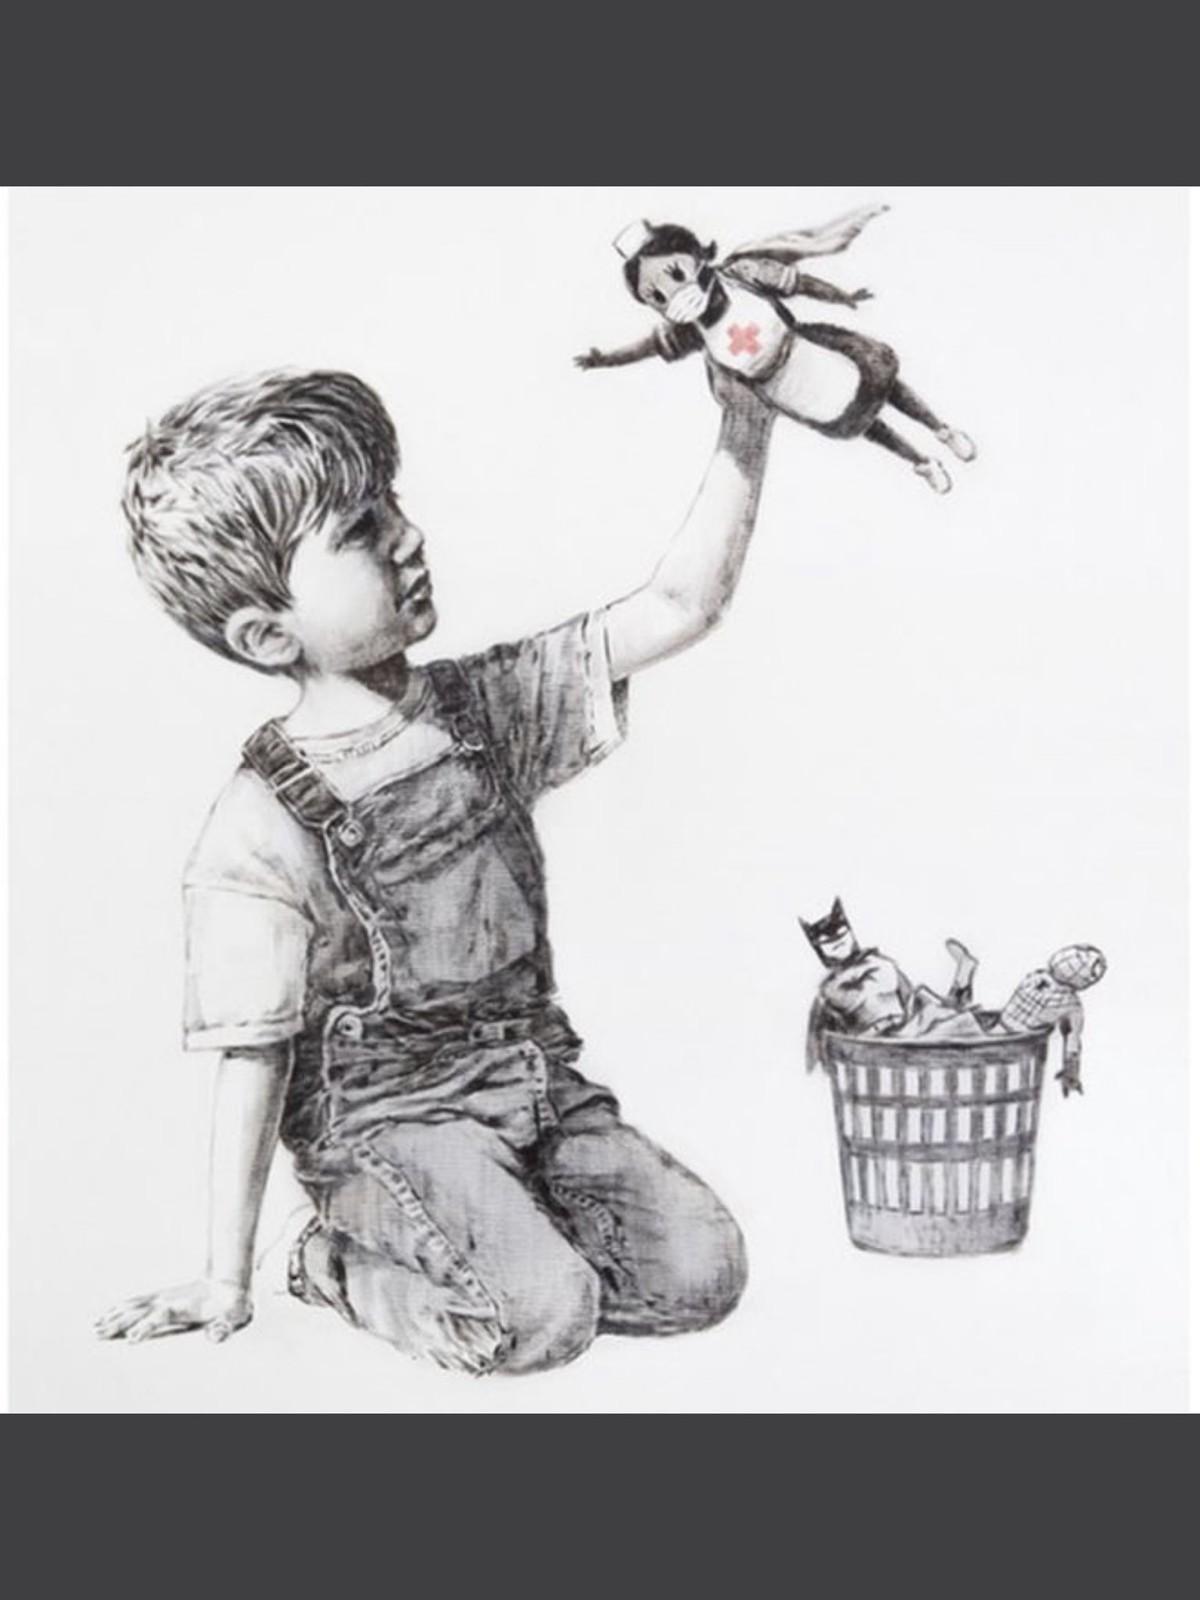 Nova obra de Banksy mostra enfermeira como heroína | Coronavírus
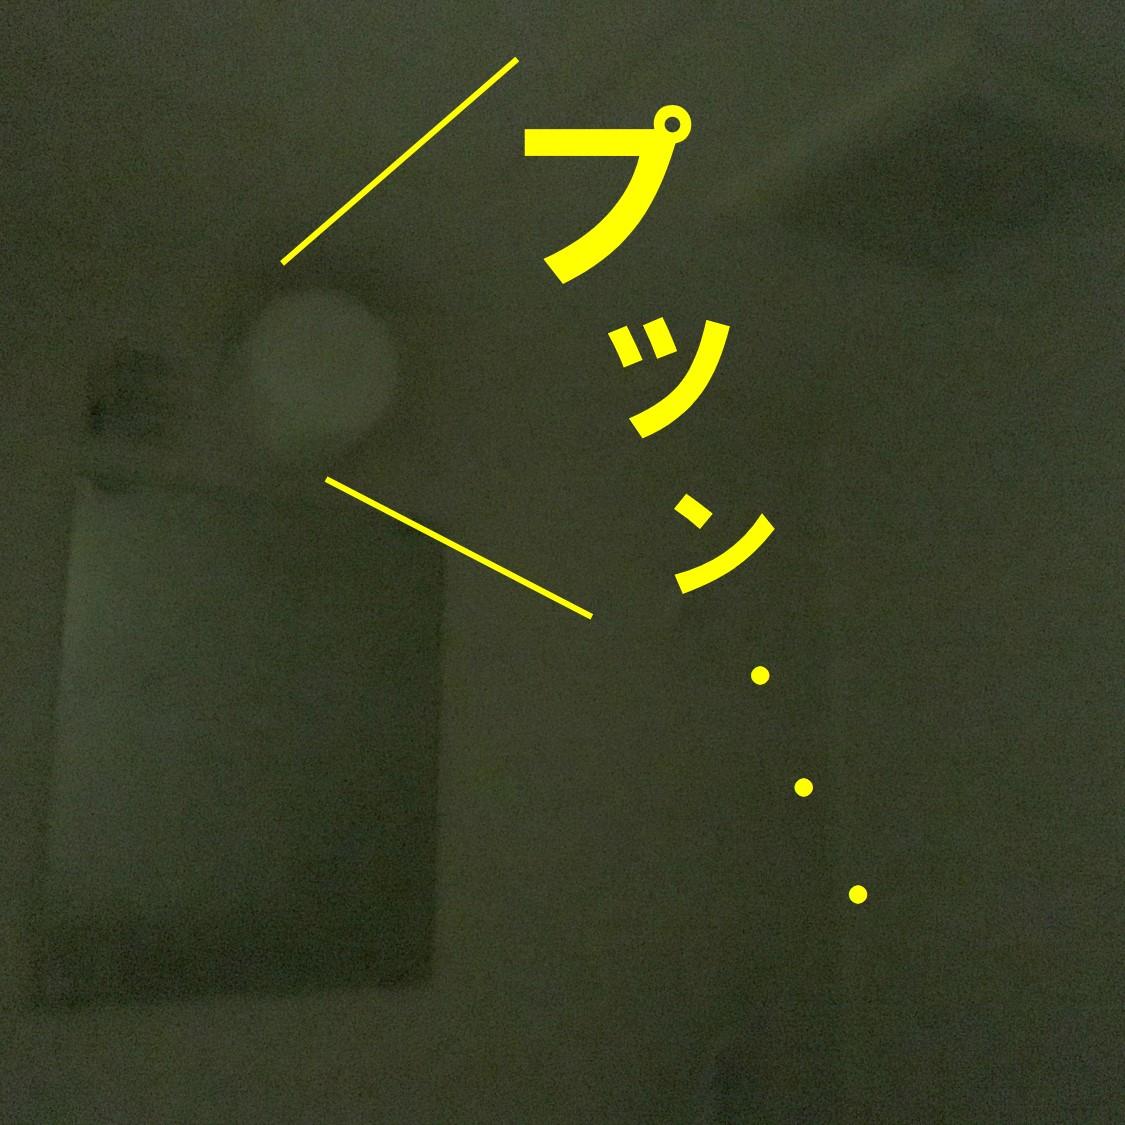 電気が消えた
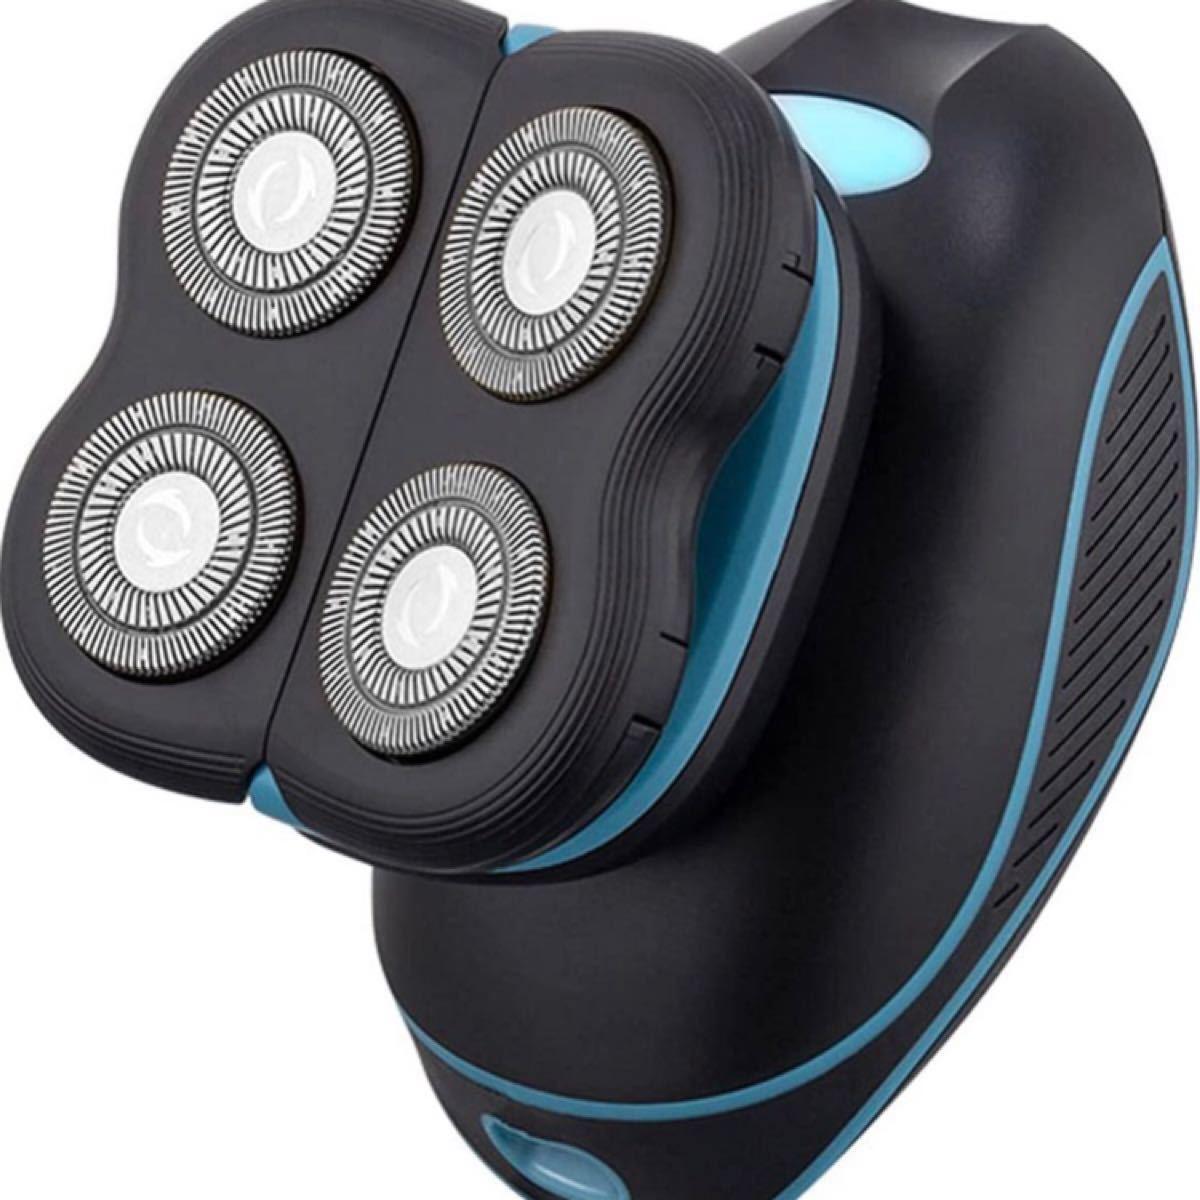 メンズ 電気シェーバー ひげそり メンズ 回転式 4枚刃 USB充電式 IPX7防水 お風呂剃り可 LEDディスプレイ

> [Problem requirements]: The listing above is to be written out again exactly, with its pictures omitted.

> [Output of the task]:
 Nova obra de Banksy mostra enfermeira como heroína | Coronavírus
 電気が消えた
 メンズ 電気シェーバー ひげそり メンズ 回転式 4枚刃 USB充電式 IPX7防水 お風呂剃り可 LEDディスプレイ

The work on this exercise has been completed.